Чудо Рождества с Лесковым

Святочный рассказ – незамысловатый или изобретательный, трогательно сентиментальный или немного насмешливый, но всегда очень добрый – после долгих десятилетий незаслуженного забвения возвратился к отечественному читателю. 
Поучительные и «размягчающие сердца» святочные истории всегда пользовались неизменной популярностью у самых широких слоёв читающей публики и в России, и за рубежом. В позапрошлом столетии к Рождеству издавались особые литературные сборники. Во всех газетах и журналах помещалось множество святочных материалов: сообщения о ёлках и маскарадах, объявления о выставках и продажах праздничных товаров, этнографические заметки о Святках, стихотворения и рисунки на рождественскую тему и непременно рождественские рассказы.
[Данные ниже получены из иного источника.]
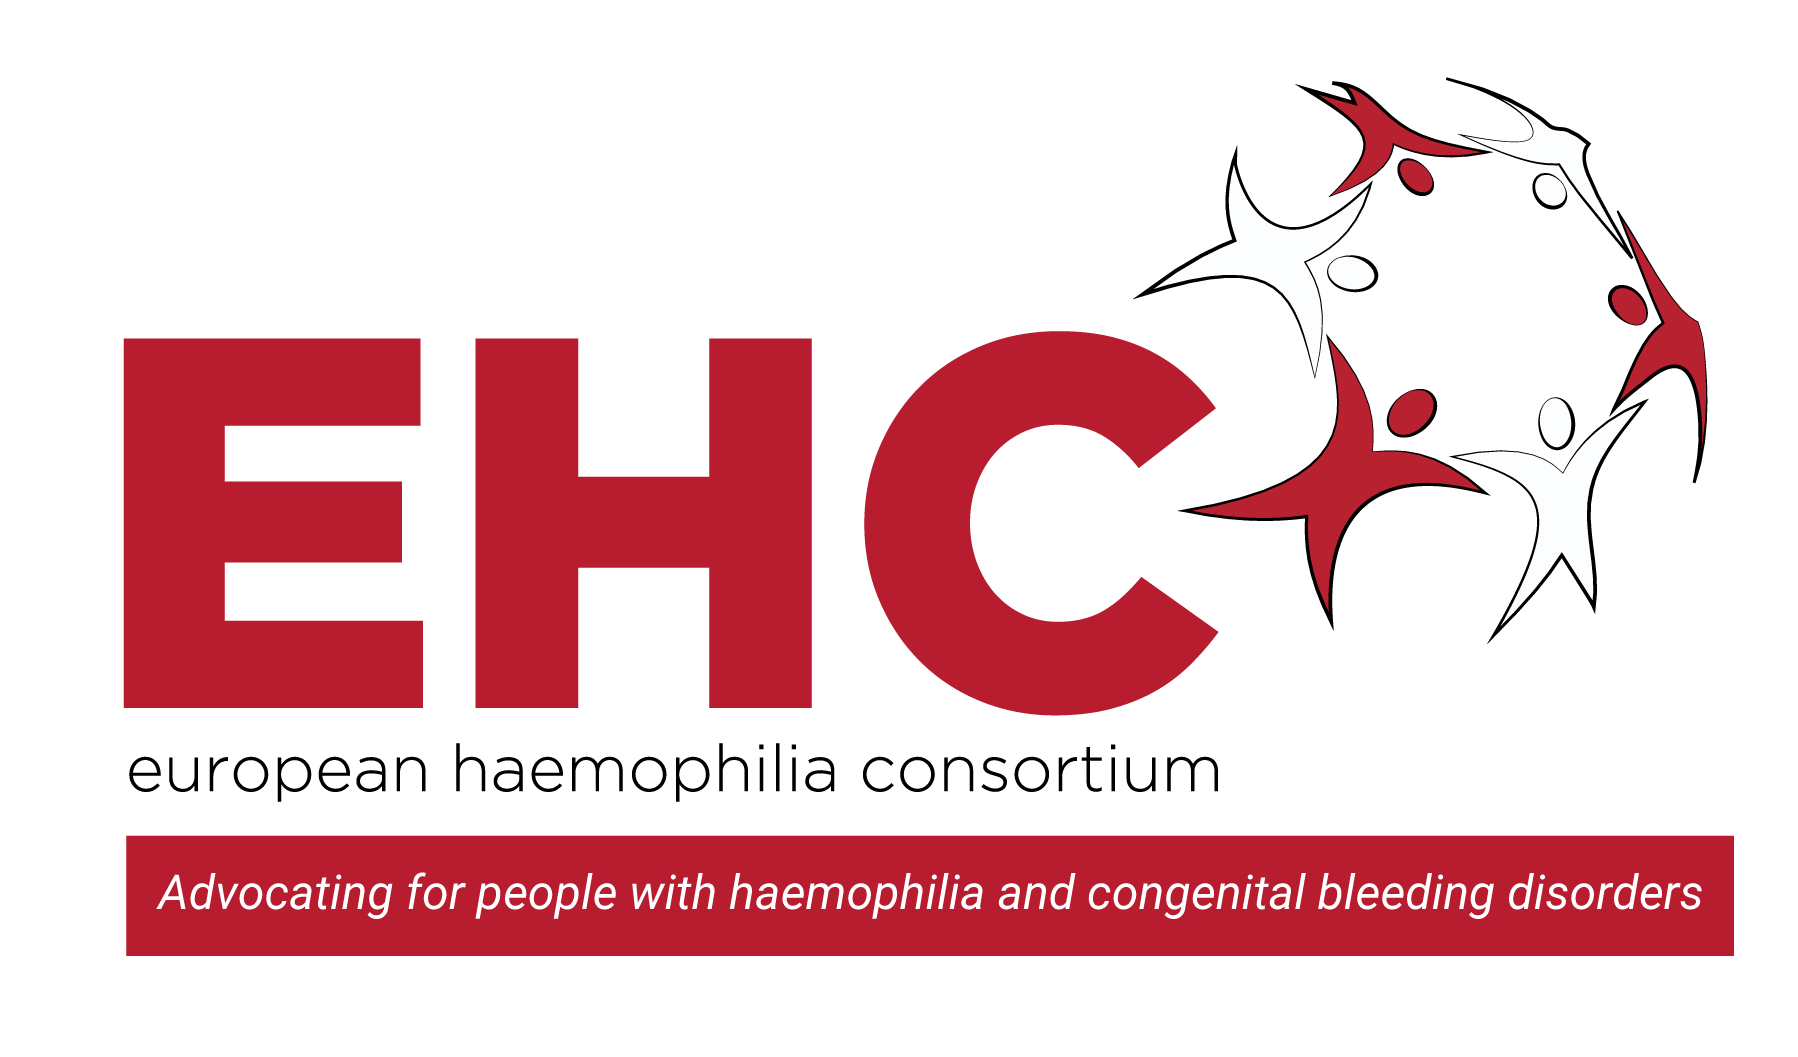 EHC – European Haemophilia Consortium - Advocating for people with haemophilia and congenital bleeding disorders - /report-of-the-penrose-enquiry-gets-published/

Правда, святочная словесность того времени из года в год повторяла набор давно разработанных тем. Немецкий писатель Карл Грюнберг, перебрав немало таких изданий, в заметках «Кое-что о святочном рассказе» указал на однообразие святочных сюжетов. Все они завершаются счастливым концом («как-никак Сочельник!»), «в финале какой-нибудь благотворитель достаёт толстенный бумажник. Все растроганы, все поют песню в честь Сил Небесных!»
Заслуга возрождения жанра в русской литературе во многом принадлежит Николаю Семёновичу Лескову (1831–1895). В 1888 году в письме к редактору ежедневной газеты «Новое время» А.С. Суворину Лесков замечал: «Форма рождественского рассказа сильно поизносилась. Она была возведена в перл в Англии Диккенсом. У нас не было хороших рождественских рассказов с Гоголя до “Зап. <ечатленного> Ангела”». Своим «рождественским рассказом» «Запечатленный Ангел», собственным святочным творчеством Лесков доказал жизненность, казалось бы, отработавшего своё жанра, выявил его подспудные возможности, способность к саморазвитию. 
В рассказе «Жемчужное ожерелье» писатель выступил как теоретик жанра, сформулировал его определение, указал на главные признаки и особенности: «От святочного рассказа непременно требуется, чтобы он был приурочен к событиям святочного вечера – от Рождества до Крещенья, чтобы он был сколько-нибудь фантастичен, имел какую-нибудь мораль, хоть вроде опровержения вредного предрассудка, и наконец – чтобы он оканчивался непременно весело». Лесков выразил убеждение, что строгие каноны не мешают развитию жанра. Наоборот – стимулируют творческую фантазию автора: «И святочный рассказ, находясь во всех его рамках, всё-таки может видоизменяться и представлять любопытное разнообразие, отражая в себе и своё время, и нравы». 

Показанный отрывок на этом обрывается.